+++ DATA EXTRACTS

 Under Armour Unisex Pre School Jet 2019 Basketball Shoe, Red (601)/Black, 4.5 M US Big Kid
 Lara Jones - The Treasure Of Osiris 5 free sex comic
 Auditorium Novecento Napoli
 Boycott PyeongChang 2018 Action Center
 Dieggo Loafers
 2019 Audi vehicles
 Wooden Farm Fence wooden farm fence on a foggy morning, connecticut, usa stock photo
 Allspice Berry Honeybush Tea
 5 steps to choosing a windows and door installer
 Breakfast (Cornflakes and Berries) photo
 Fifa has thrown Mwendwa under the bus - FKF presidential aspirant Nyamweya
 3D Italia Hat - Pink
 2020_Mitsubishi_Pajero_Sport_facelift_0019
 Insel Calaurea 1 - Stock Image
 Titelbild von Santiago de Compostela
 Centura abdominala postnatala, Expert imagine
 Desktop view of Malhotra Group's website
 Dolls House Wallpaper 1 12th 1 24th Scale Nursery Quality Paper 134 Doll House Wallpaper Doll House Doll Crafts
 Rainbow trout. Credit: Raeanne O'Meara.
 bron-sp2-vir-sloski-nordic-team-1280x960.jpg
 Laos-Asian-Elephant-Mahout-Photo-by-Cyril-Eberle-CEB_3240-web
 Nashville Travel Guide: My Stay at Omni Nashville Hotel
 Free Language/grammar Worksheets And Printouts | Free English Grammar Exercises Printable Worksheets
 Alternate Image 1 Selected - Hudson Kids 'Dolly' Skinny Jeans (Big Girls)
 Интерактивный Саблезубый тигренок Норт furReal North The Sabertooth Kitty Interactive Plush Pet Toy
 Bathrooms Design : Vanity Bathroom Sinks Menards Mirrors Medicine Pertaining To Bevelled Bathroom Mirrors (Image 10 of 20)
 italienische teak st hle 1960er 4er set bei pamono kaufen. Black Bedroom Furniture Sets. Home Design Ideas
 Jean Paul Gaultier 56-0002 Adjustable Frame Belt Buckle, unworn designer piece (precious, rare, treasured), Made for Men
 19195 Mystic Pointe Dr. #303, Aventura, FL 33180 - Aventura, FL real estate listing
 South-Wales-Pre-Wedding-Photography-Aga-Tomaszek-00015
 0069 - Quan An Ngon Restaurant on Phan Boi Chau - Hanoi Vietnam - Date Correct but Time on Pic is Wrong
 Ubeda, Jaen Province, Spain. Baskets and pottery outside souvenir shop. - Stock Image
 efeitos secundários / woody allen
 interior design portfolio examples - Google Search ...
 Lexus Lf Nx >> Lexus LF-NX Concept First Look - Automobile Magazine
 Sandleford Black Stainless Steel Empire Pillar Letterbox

++++++

Transcribe the listing above verbatim, leaving every line whole.

RESPONSE BELOW -
 Under Armour Unisex Pre School Jet 2019 Basketball Shoe, Red (601)/Black, 4.5 M US Big Kid
 Lara Jones - The Treasure Of Osiris 5 free sex comic
 Auditorium Novecento Napoli
 Boycott PyeongChang 2018 Action Center
 Dieggo Loafers
 2019 Audi vehicles
 Wooden Farm Fence wooden farm fence on a foggy morning, connecticut, usa stock photo
 Allspice Berry Honeybush Tea
 5 steps to choosing a windows and door installer
 Breakfast (Cornflakes and Berries) photo
 Fifa has thrown Mwendwa under the bus - FKF presidential aspirant Nyamweya
 3D Italia Hat - Pink
 2020_Mitsubishi_Pajero_Sport_facelift_0019
 Insel Calaurea 1 - Stock Image
 Titelbild von Santiago de Compostela
 Centura abdominala postnatala, Expert imagine
 Desktop view of Malhotra Group's website
 Dolls House Wallpaper 1 12th 1 24th Scale Nursery Quality Paper 134 Doll House Wallpaper Doll House Doll Crafts
 Rainbow trout. Credit: Raeanne O'Meara.
 bron-sp2-vir-sloski-nordic-team-1280x960.jpg
 Laos-Asian-Elephant-Mahout-Photo-by-Cyril-Eberle-CEB_3240-web
 Nashville Travel Guide: My Stay at Omni Nashville Hotel
 Free Language/grammar Worksheets And Printouts | Free English Grammar Exercises Printable Worksheets
 Alternate Image 1 Selected - Hudson Kids 'Dolly' Skinny Jeans (Big Girls)
 Интерактивный Саблезубый тигренок Норт furReal North The Sabertooth Kitty Interactive Plush Pet Toy
 Bathrooms Design : Vanity Bathroom Sinks Menards Mirrors Medicine Pertaining To Bevelled Bathroom Mirrors (Image 10 of 20)
 italienische teak st hle 1960er 4er set bei pamono kaufen. Black Bedroom Furniture Sets. Home Design Ideas
 Jean Paul Gaultier 56-0002 Adjustable Frame Belt Buckle, unworn designer piece (precious, rare, treasured), Made for Men
 19195 Mystic Pointe Dr. #303, Aventura, FL 33180 - Aventura, FL real estate listing
 South-Wales-Pre-Wedding-Photography-Aga-Tomaszek-00015
 0069 - Quan An Ngon Restaurant on Phan Boi Chau - Hanoi Vietnam - Date Correct but Time on Pic is Wrong
 Ubeda, Jaen Province, Spain. Baskets and pottery outside souvenir shop. - Stock Image
 efeitos secundários / woody allen
 interior design portfolio examples - Google Search ...
 Lexus Lf Nx >> Lexus LF-NX Concept First Look - Automobile Magazine
 Sandleford Black Stainless Steel Empire Pillar Letterbox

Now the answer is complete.